=== Provided information ===

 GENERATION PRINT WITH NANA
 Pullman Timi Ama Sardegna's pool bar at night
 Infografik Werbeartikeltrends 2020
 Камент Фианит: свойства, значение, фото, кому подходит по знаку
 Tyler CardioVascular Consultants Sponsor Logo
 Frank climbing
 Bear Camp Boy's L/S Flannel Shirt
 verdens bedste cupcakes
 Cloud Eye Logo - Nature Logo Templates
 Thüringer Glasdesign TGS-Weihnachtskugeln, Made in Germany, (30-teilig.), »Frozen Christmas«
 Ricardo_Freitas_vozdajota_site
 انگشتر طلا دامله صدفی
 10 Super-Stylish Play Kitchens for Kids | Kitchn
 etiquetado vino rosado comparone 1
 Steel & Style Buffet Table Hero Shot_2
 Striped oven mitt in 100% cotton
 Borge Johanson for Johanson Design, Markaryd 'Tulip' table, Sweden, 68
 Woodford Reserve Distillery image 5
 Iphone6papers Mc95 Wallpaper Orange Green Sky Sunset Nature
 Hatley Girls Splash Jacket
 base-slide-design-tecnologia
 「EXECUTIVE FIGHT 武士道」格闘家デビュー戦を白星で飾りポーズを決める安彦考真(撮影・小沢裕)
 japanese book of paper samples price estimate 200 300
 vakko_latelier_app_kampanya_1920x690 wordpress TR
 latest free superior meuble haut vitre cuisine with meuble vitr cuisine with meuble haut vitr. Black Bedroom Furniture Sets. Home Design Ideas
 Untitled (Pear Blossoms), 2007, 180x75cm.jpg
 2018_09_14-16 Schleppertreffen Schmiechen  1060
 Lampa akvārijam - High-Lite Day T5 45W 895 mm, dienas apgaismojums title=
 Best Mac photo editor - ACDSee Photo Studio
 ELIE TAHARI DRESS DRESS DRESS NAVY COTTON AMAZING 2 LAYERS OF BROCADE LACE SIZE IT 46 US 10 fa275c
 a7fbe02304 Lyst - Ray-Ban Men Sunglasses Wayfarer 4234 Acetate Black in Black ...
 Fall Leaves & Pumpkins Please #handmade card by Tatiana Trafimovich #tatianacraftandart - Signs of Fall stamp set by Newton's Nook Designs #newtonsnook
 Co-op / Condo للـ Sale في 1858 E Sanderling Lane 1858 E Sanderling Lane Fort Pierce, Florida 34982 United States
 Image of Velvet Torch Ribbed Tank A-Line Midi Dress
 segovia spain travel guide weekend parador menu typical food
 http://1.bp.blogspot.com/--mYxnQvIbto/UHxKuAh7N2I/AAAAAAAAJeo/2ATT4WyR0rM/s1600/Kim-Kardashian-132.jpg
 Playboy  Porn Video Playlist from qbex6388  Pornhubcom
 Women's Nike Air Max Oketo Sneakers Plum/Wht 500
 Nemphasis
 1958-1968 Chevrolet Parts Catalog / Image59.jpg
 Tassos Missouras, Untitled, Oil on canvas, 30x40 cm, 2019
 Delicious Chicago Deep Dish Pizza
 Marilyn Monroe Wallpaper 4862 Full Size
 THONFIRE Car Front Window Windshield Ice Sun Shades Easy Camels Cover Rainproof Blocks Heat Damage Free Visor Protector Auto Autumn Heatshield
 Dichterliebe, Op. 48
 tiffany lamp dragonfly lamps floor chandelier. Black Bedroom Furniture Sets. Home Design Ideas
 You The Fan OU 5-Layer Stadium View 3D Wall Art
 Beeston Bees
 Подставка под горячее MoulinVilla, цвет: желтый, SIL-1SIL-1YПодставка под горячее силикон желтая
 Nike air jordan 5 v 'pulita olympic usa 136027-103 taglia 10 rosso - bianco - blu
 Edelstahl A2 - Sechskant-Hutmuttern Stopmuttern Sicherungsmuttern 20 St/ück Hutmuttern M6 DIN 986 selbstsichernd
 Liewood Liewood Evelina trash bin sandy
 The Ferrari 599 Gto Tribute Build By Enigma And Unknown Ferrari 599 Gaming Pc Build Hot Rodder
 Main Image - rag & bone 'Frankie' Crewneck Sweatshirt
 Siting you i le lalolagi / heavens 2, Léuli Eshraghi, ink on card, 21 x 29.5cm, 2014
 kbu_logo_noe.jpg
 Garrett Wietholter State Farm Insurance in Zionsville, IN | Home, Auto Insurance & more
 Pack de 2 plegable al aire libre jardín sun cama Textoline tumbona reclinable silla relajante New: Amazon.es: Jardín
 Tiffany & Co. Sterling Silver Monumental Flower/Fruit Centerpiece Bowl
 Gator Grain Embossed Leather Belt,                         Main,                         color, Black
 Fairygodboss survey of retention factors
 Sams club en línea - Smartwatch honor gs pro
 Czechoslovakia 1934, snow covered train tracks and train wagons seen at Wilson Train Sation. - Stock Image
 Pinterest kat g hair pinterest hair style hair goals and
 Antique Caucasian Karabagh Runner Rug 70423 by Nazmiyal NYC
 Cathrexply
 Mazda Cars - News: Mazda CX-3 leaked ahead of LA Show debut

===

Instructions for the task: Using the data above, extract exactly the lines from the one that holds "base-slide-design-tecnologia" to the one that holds "Best Mac photo editor - ACDSee Photo Studio", both ends included, and no others.

Finished exercise:
 base-slide-design-tecnologia
 「EXECUTIVE FIGHT 武士道」格闘家デビュー戦を白星で飾りポーズを決める安彦考真(撮影・小沢裕)
 japanese book of paper samples price estimate 200 300
 vakko_latelier_app_kampanya_1920x690 wordpress TR
 latest free superior meuble haut vitre cuisine with meuble vitr cuisine with meuble haut vitr. Black Bedroom Furniture Sets. Home Design Ideas
 Untitled (Pear Blossoms), 2007, 180x75cm.jpg
 2018_09_14-16 Schleppertreffen Schmiechen  1060
 Lampa akvārijam - High-Lite Day T5 45W 895 mm, dienas apgaismojums title=
 Best Mac photo editor - ACDSee Photo Studio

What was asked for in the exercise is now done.